When he became a Grandpa he became more gentle. He eventually learned to see what other Dads were doing with their kids and he didn't do with his. So he started doing a lot fo things to make up for those lost years. Now most of it involved money and what they would have enjoyed was physical time and hugs and kisses.

After he retired he then became even more mellow and thinking of others. then came the heart attack, then the very humbling ulcerative colitis and ileostomy. You lose dignity and you have to redefine yourself.
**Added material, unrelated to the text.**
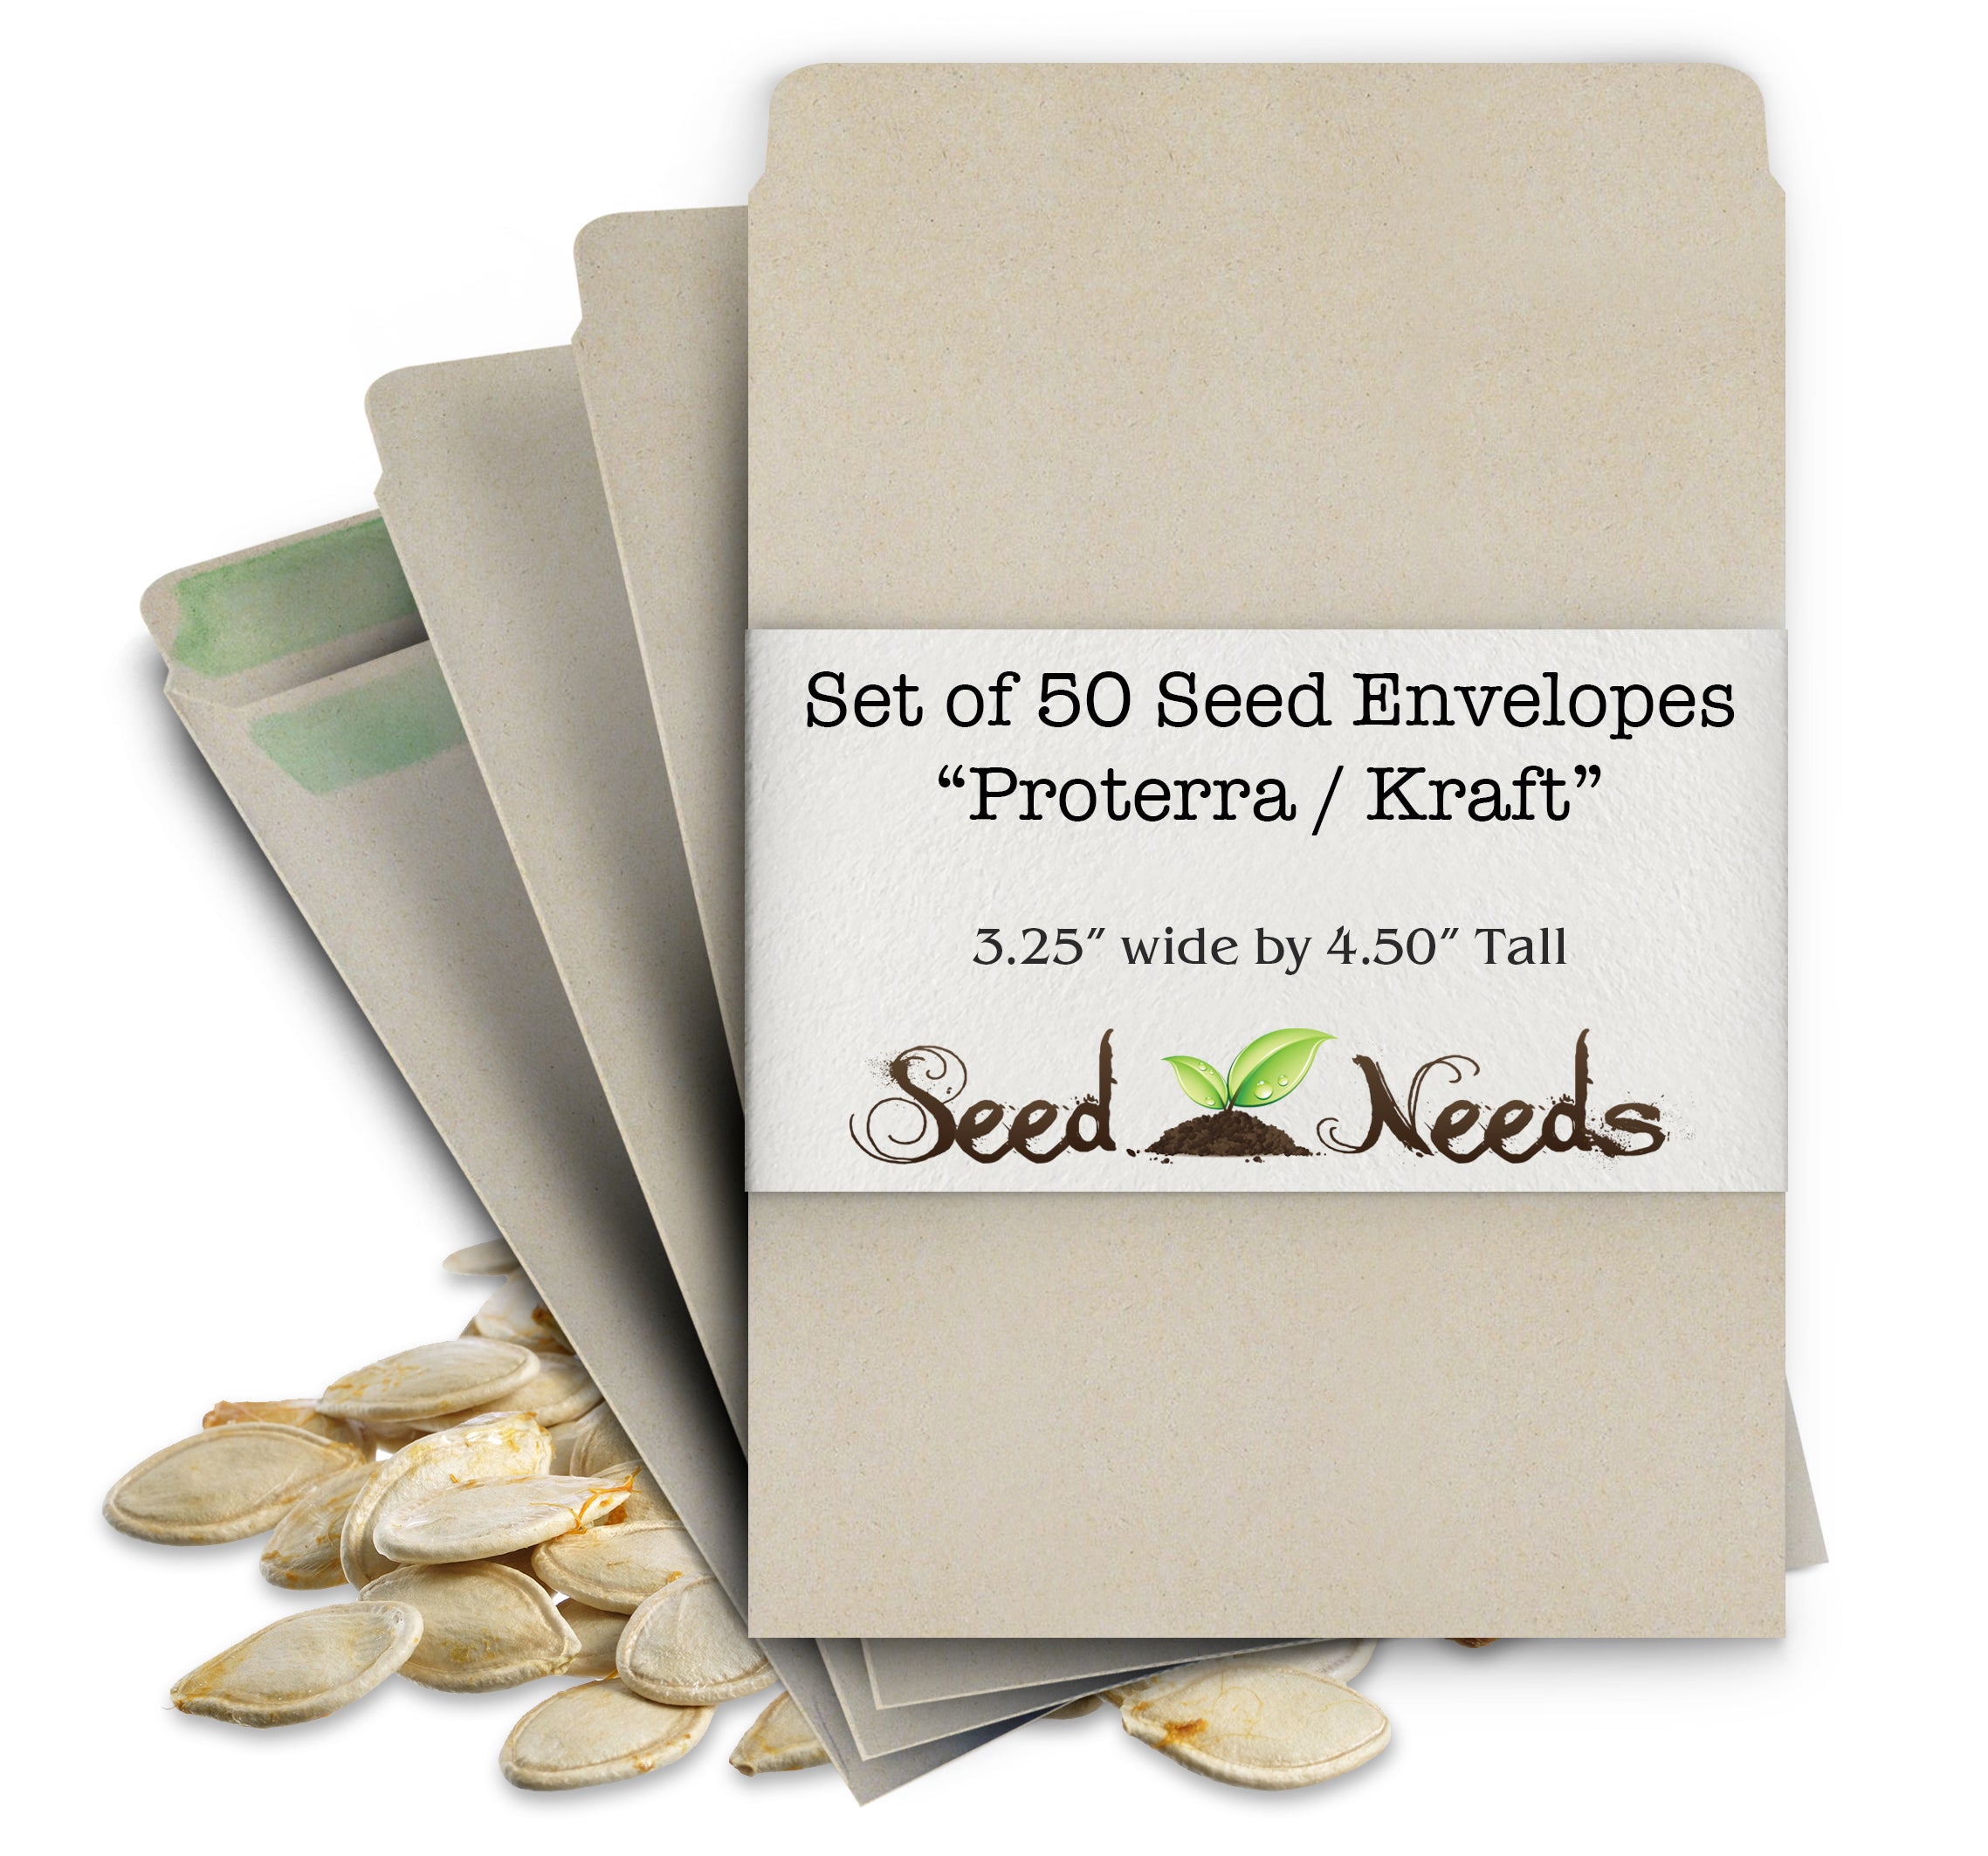 Seed Needs, Proterra / Kraft Seed Envelopes

So through all of this he has become a different person than who he was many years ago. I loved him for the dignity he treated his Mother, the fact that even though I had MS, he said in his wedding vows that he would love me through sickness and health, good time and bad times.

Now he has Parkinson's, an ileostomy, has to resort to others doing things for him and knowing he has to treat those who do something for him have to be treated with respect.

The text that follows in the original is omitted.